Die Zeiten, als man eine entgegenkommende RT für einen Maxi-Scooter halten konnte, sind nun endgültig vorbei. Das neue Design ist schärfer denn je, aber das ist natürlich Geschmackssache. Jedenfalls wirkt sie nun zwar massiv, aber nicht schwerfällig, womit auch das Fahrverhalten gemeint sein könnte - trotz des insgesamt auf 281 kg fahrfertig gewachsenen Gewichts. Dabei waren die Testmaschinen ausstattungsbedingt sogar noch schwerer.
Wunderfahrwerk DCA (Dynamic Chassis Adaption)

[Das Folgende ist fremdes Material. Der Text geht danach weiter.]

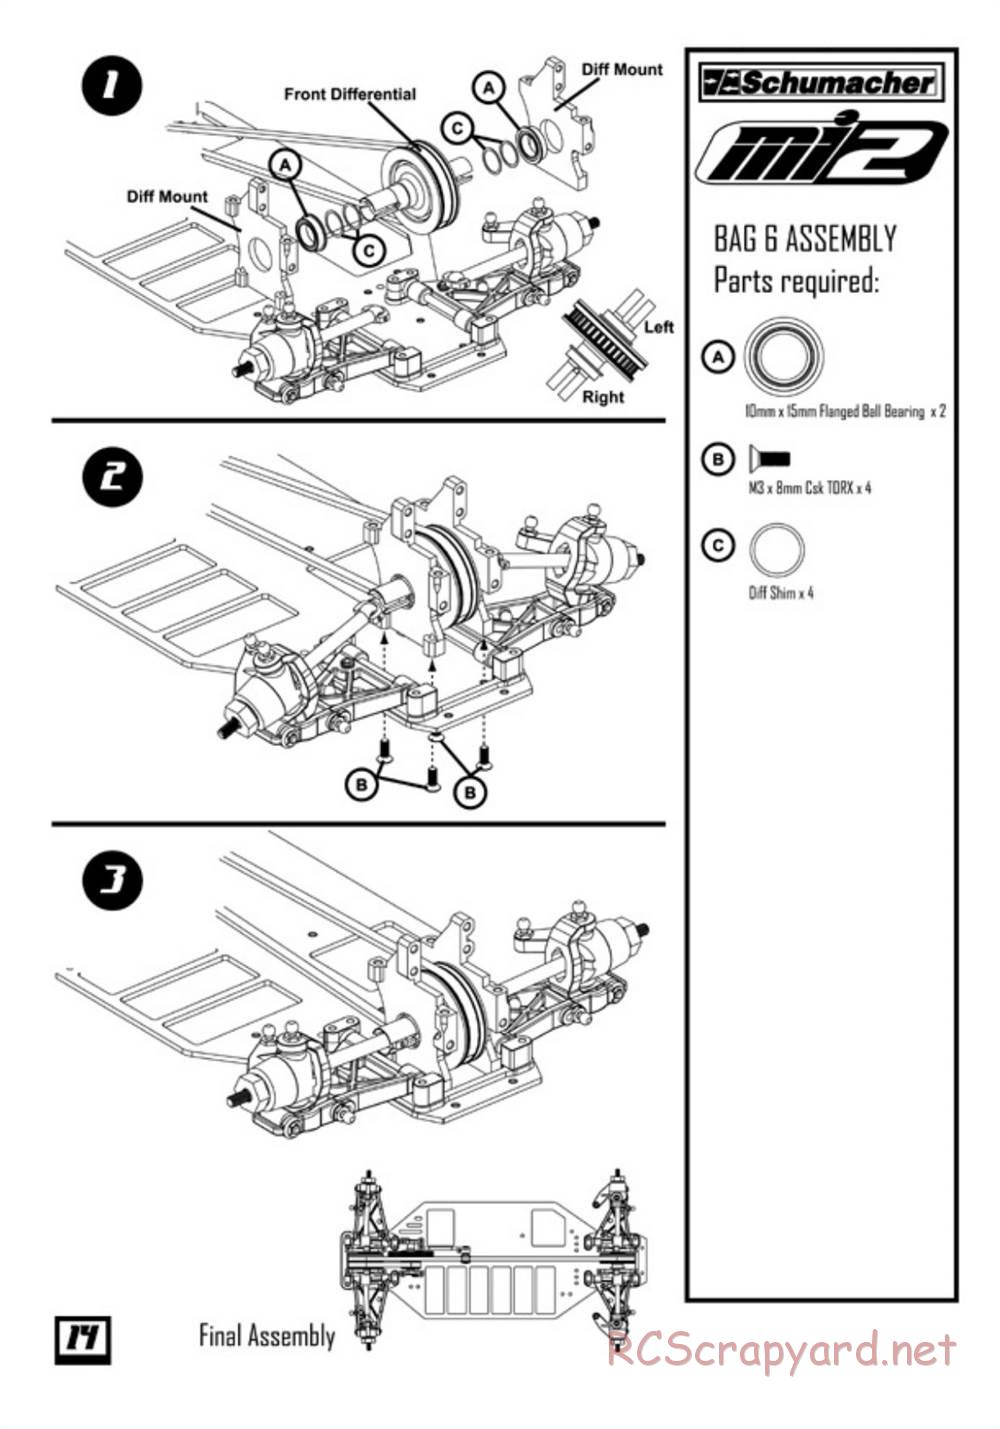 Schumacher - Mi2 - Manual - Page 16

Zum spielerischen Einlenkverhalten und der Freude am Kurvenfahren trägt u.a. das (natürlich aufpreispflichtige) – nennen wir es – Wunderfahrwerk bei. In den dynamischen Fahrmodi hebt es die Front der R 1300 RT um 10 mm an, das Heck um 33 mm. Das passiert aber nicht, um mehr Bodenfreiheit zu erhalten, sondern weil dadurch dank der speziellen Telelever-Geometrie der Lenkkopfwinkel steiler wird. Das wiederum führt zu einem kürzeren Nachlauf und damit zu mehr Wendigkeit.
Während also mit flachem Lenkkopfwinkel größtmögliche Fahrstabilität und Laufruhe das Ziel sind, steht in der Dynamik-Stellung die Handlichkeit im Vordergrund. Das wird zusätzlich durch eine straffere Dämpfungsabstimmung und eine höhere Federrate unterstützt.
Das alles funktioniert nicht nur in der Theorie, sondern ist umgehend spürbar. Die bei flotter Autobahnfahrt (180/200 km/h) spürbare Unruhe schreiben wir dem sehr starken Seitenwind zu.
Die Hardware wird auch bei der GS verwendet, um sie beim Anhalten so weit abzusenken, dass auch kleiner gewachsene Fahrer und Fahrerinnen gut den Boden erreichen. Wer DCA nicht braucht – das Dynamic ESA ist Serie.
Flügel für den perfekten Wetterschutz
Die neue Verkleidung sieht nicht nur gut aus, sie bietet auch von Haus aus einen hervorragenden Windschutz. Im Angebot sind verschieden hohe Windschilder mit elektrischer Höhenverstellung. Zusätzlich bietet BMW harmonisch integrierte Windleitflügel an, die je nach Stellung mehr oder weniger Fahrtwind zum Fahrer leiten – ein Genuss etwa bei kühlen Regenfahrten. Die Verstellung erfolgt im Gegensatz zu der der Scheibe manuell, mit perfekter Haptik.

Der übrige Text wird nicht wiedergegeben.